ECLI:NL:HR:2024:734

Hoge Raad

Datum uitspraak
21 mei 2024
Publicatiedatum
17 mei 2024
Zaaknummer
23/04507
Instantie
Hoge Raad
Type
Uitspraak
Rechtsgebied
Strafrecht
Procedures
  • Herziening
Vindplaatsen
  • Rechtspraak.nl
AI samenvatting door LexboostAutomatisch gegenereerd

Herziening van een veroordeling wegens niet voldoen aan aangifteplicht bij douane

In deze zaak heeft de Hoge Raad op 21 mei 2024 uitspraak gedaan op een aanvraag tot herziening van een eerder arrest van het gerechtshof Amsterdam. De aanvrager, geboren in 1974, was eerder veroordeeld voor het niet voldoen aan de verplichting tot het doen van aangifte bij de douane op Schiphol, waar hij op 8 januari 2018 met € 10.000 in zijn handbagage op een vlucht naar Dubai stapte. De aanvrager stelde dat hij slechts € 9.800 bij zich had, omdat vier biljetten van € 50 vals waren. Hij voerde aan dat als het hof bekend was geweest met nieuwe verklaringen van getuigen en bewijsstukken, het tot een vrijspraak zou zijn gekomen.

Het hof had eerder geoordeeld dat de verklaring van de aanvrager over het wisselen van geld in Dubai niet voldoende was onderbouwd. Ook was er geen bewijs dat er valse biljetten tussen het geld zaten dat door opsporingsambtenaren op Schiphol was geteld. De Hoge Raad oordeelde dat de nieuwe verklaringen en stukken niet van voldoende gewicht waren om te kunnen spreken van een gegeven dat het hof niet bekend was, en dat het ernstige vermoeden ontbrak dat het hof tot een andere uitspraak zou zijn gekomen als deze informatie eerder bekend was geweest.

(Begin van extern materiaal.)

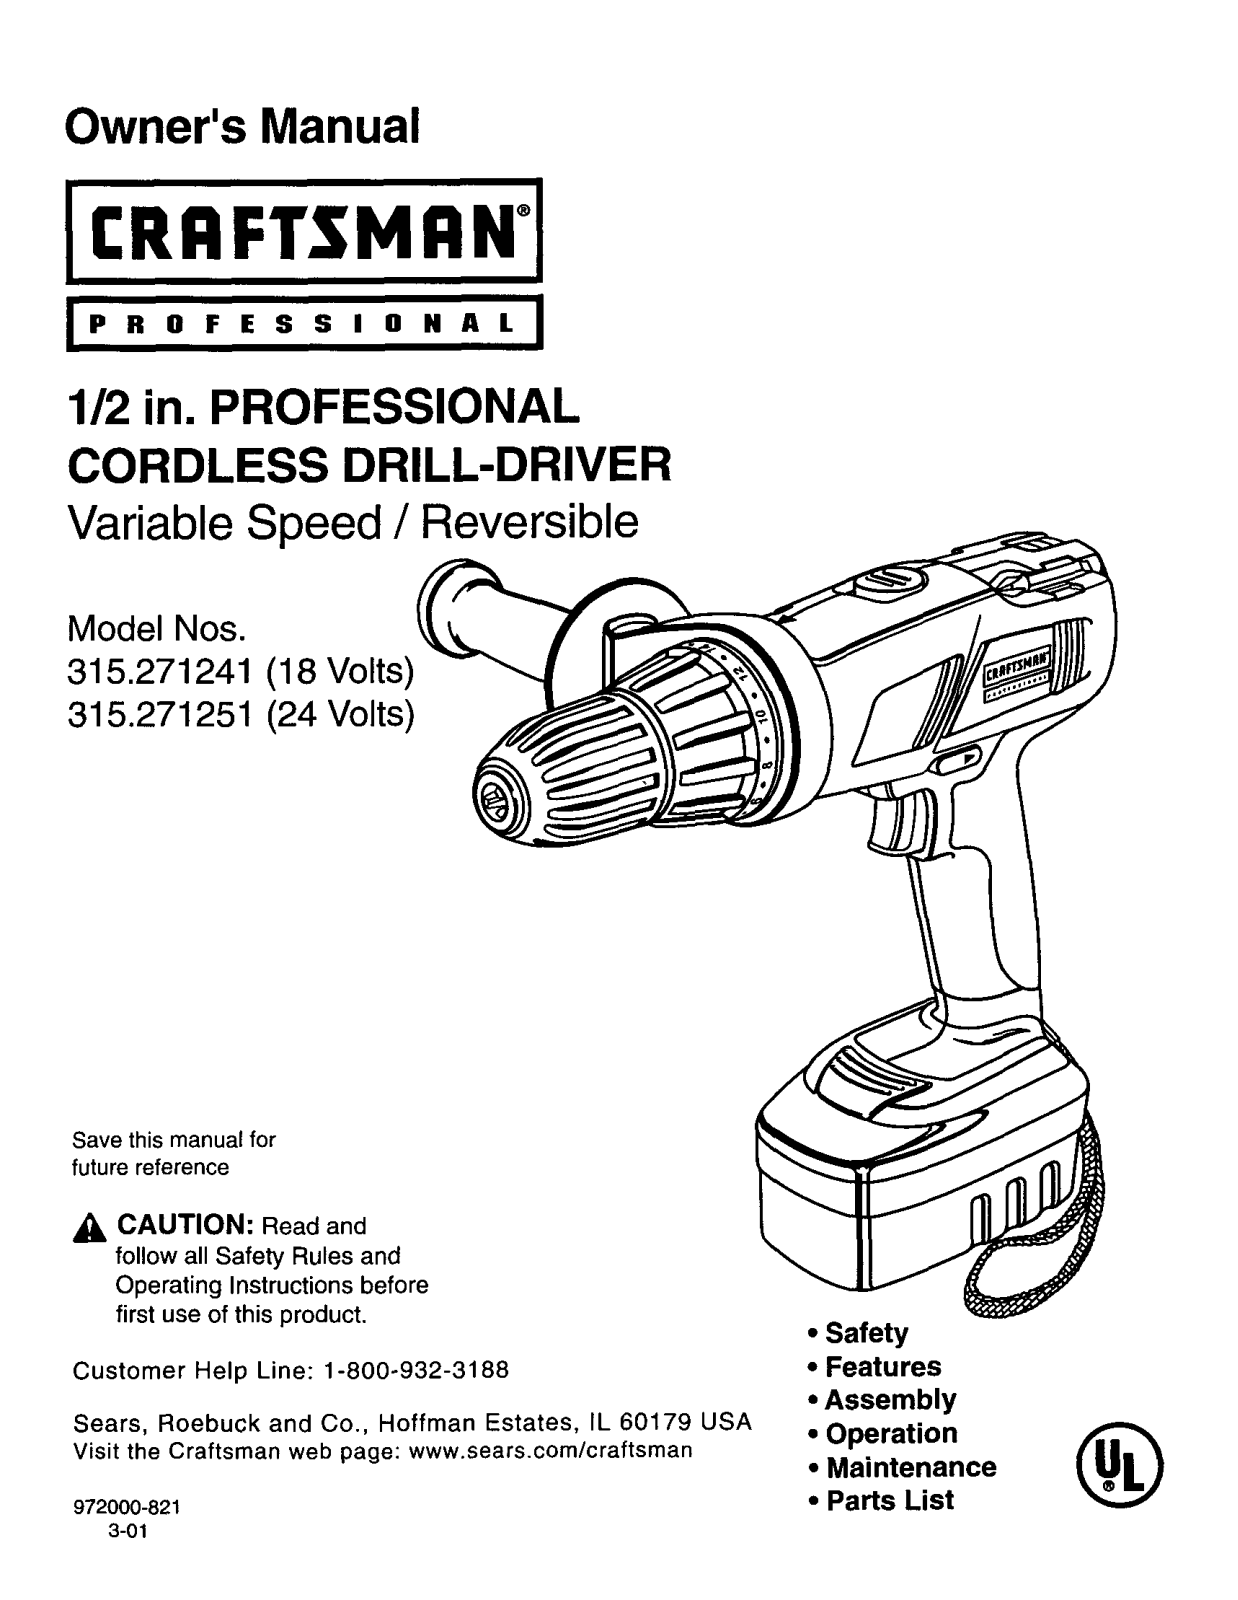 Craftsman 315271251, 315271241 Owner’s Manual

De aanvraag tot herziening werd afgewezen, waarbij de Hoge Raad benadrukte dat de eerder vastgestelde feiten en omstandigheden niet veranderd waren door de nieuwe informatie. De beslissing van het hof bleef dus in stand, en de aanvrager werd niet vrijgesproken van de hem ten laste gelegde feiten.

Uitspraak

HOGE RAAD DER NEDERLANDEN
STRAFKAMER
Nummer23/04507 H
Datum21 mei 2024
ARREST
op een aanvraag tot herziening van een in kracht van gewijsde gegaan arrest van het gerechtshof Amsterdam van 25 oktober 2021, nummer 23-001319-21, ingediend door M. Berndsen, advocaat in Amsterdam,
namens
[aanvrager] ,
geboren te [geboorteplaats] op [geboortedatum] 1974,
hierna: de aanvrager.

1.De uitspraak waarvan herziening is gevraagd

Het hof heeft de aanvrager veroordeeld voor het als degene, die uit hoofde van artikel 3 van verordening (EG) nr. 1889/2005 van het Europees Parlement en de Raad van de Europese Unie van 26 oktober 2005 betreffende de controle van liquide middelen die de Gemeenschap binnenkomen of verlaten verplicht is tot het doen van aangifte, deze aangifte niet voldoen, en bepaald dat hem geen straf of maatregel wordt opgelegd.

2.De aanvraag tot herziening

De aanvraag tot herziening is aan dit arrest gehecht en maakt daarvan deel uit.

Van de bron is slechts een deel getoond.